OK, class A. class A means that the amplifying device (transistor or tube) never turns off, within the intended range (ideally the power rail). Let's take a single transistor as a basic example. Let's say we have a +/-16V power supply, and the input of the transistor is biased to ground (0V). That's a class A amplifier. Let's presume a load of 8 ohm so we pretend we are driving a speaker (that's a bit more complicated but bear with me).
At idle, that is no AC input current, how much is our transistor conducting? Using round figures, the "emitter" of the transistor will be at 0V also (actually -0.7V below the input, or "base", but let's keep it simple). That 0V goes to the load of 8 ohms, then to the negative rail of -16V. The other leg of the transistor (a transistor is a three-legged device) is called "common", that is what we hook +16V to.
OK, current, using Ohm's Law, is (0V - (-16V)) / 8 ohm = 2 amps. Power is V * A, that's 32 watts.

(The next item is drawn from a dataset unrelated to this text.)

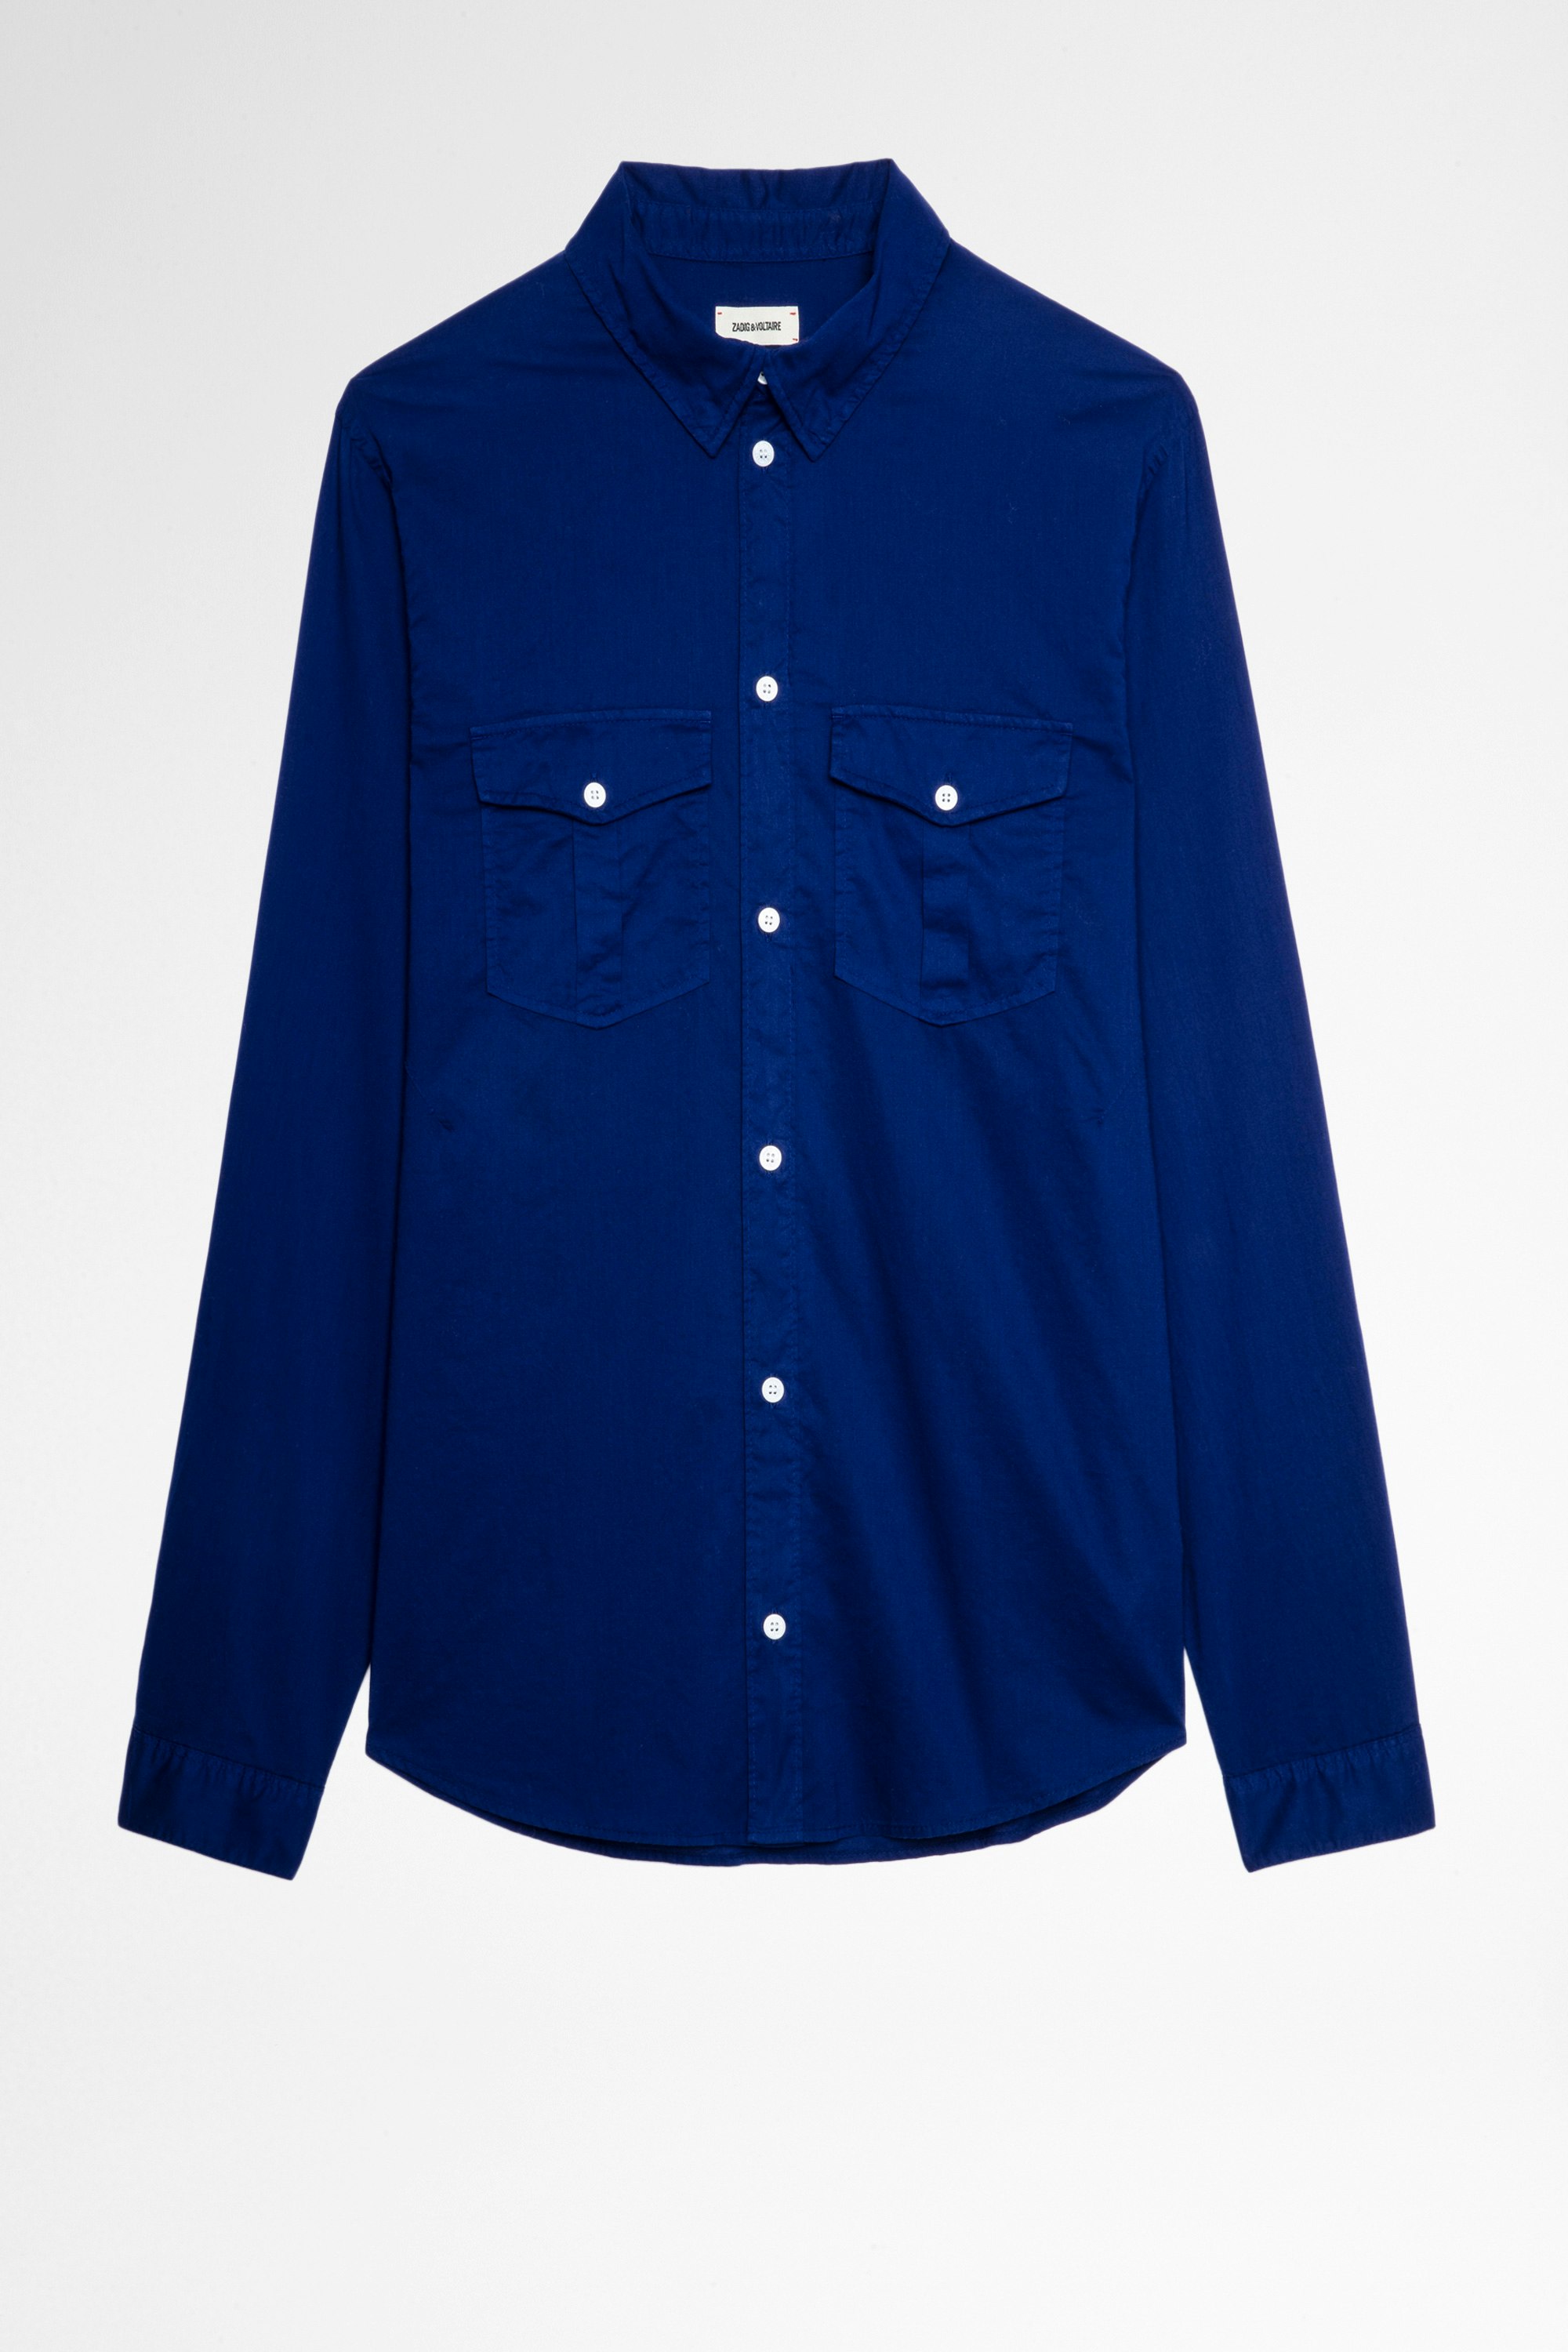 Thibaut Shirt Men’s royal blue cotton shirt

Or is it? We have a 32V supply (+/-16V). 16V drops across the resistor. The other 16V drops across the transistor. Therefore, total power is 64W, but half is wasted in the transistor.
OK, that's with no AC input. Let's say we have an input signal, a sine wave of +/-16V peak (this would be called 32Vpp, or peak-to-peak). When it's +16V, we have 16V on base and emitter, which means 32V across 8 ohm resistor = 4A which yields 128W! Kickass!
At -16V peak, the transistor turns off. No current, No power.
OK, if we map out all possible points in between and average them (actually "root of the mean squares", where you square each point, average them, and take the square root--this is "RMS" power), we would discover that our RMS power into our load is exactly . . . 32W. And the RMS power wasted in the transistor is also 32W.
Therefore, class A can never be more than 50% efficient--at least half the power is always wasted. In practice, class A amps are worse, and tubes are even worse because they have an inherent power loss in their heaters.
Well, if we want a stinkin' loud amp that doesn't require a dryer plug to get power and doesn't weigh 400 pounds from the giant heatsinks required to let the transistor dissipate half the power without melting, we start to think about a more efficient design.
Let's use two transistors, one from +16V to ground (0V), and one from 0V to -16V. Same 0V input bias, same +/-16V input signal. This is a class B amp. What happens?
The positive transistor will be on only when the input signal is positive, the negative transistor . . . you get it. Since each transistor is only on half the time, for a given power into the load there is only half as much power wasted. At 0V idle, there is no power wasted at all. Maximum efficiency possible approaches 80%! Sweet, smaller heatsinks = lighter unit!
But wait, there's a problem. Our poor transistors can't exactly switch on and off perfectly at 0V. In fact, partially due to that 0.7V problem I referred to above, there is a small-signal range where they'll both be off. That creates a huge amount of distortion, called "crossover distortion", and it's worst when the signal is quiet. That's extra bad.
How do we fix that? Simple, we give back some power, and bias the inputs slightly such that there is a range when both devices are on, just not all the time. That reduces the crossover distortion, and more importantly pushes it to a level where it only occurs if the signal is loud. That's a class AB amp.
.
.
.
OK, which is better? Well, complicated question. In a power amp, we can't ignore efficiency (small-signal stuff is very often class A because efficiency is not important). First, you have to understand that class AB is a range, it could be quite nearly class A except for the absolute maximum possible power, or it could be set right just above that crossover region to get rid of the worst distortion but still maintain maximum efficiency, with a small amount of distortion considered acceptable. Both must be labeled class AB amps, but there could be a very wide range of performance.
Now we have the marketing problem: let's say you build a tube amp that is class AB (it would work a bit differently than the transistor example, but the concepts are the same), but is biased pretty far into class A. If we were an intelligent designer, we'd set that point by measuring output distortion at various levels, and selecting the bias point at a good compromise between efficiency and performance. And the finest audiophile ears might be completely unable to discern the difference between that and a pure class A amp. If the volume doesn't get loud, it IS a class A amp.
But the sales brochure would still say class AB, so nobody would buy it. Therefore, once you commit to AB, it's very tempting to go for a bias closer to class B than class A, because that gives you the marketing advantage of lighter weight and/or more power.
So . . . in conclusion, intelligent class AB design is probably best, but there is no way of knowing without trying or testing a particular class AB amp if it's a good or bad compromise.
Compression and breakup have to do with behavior at maximum rather than minimal levels, I think that has more to do with the type of device and overall circuit design than class A vs class AB. For example, the stuff I was saying to VP the other day about push-pull vs. single-ended. Push-pull, whether class A or class AB, is gonna tend to have symmetrical breakup vs. single-ended asymmetrical. Asymmetrical is generally better sounding in terms of breakup (even-order distortion). Then there is the tube vs. MOSFET vs. BJT debate, negative feedback, and so forth. So there's a lot going into a design that impacts those sorts of things.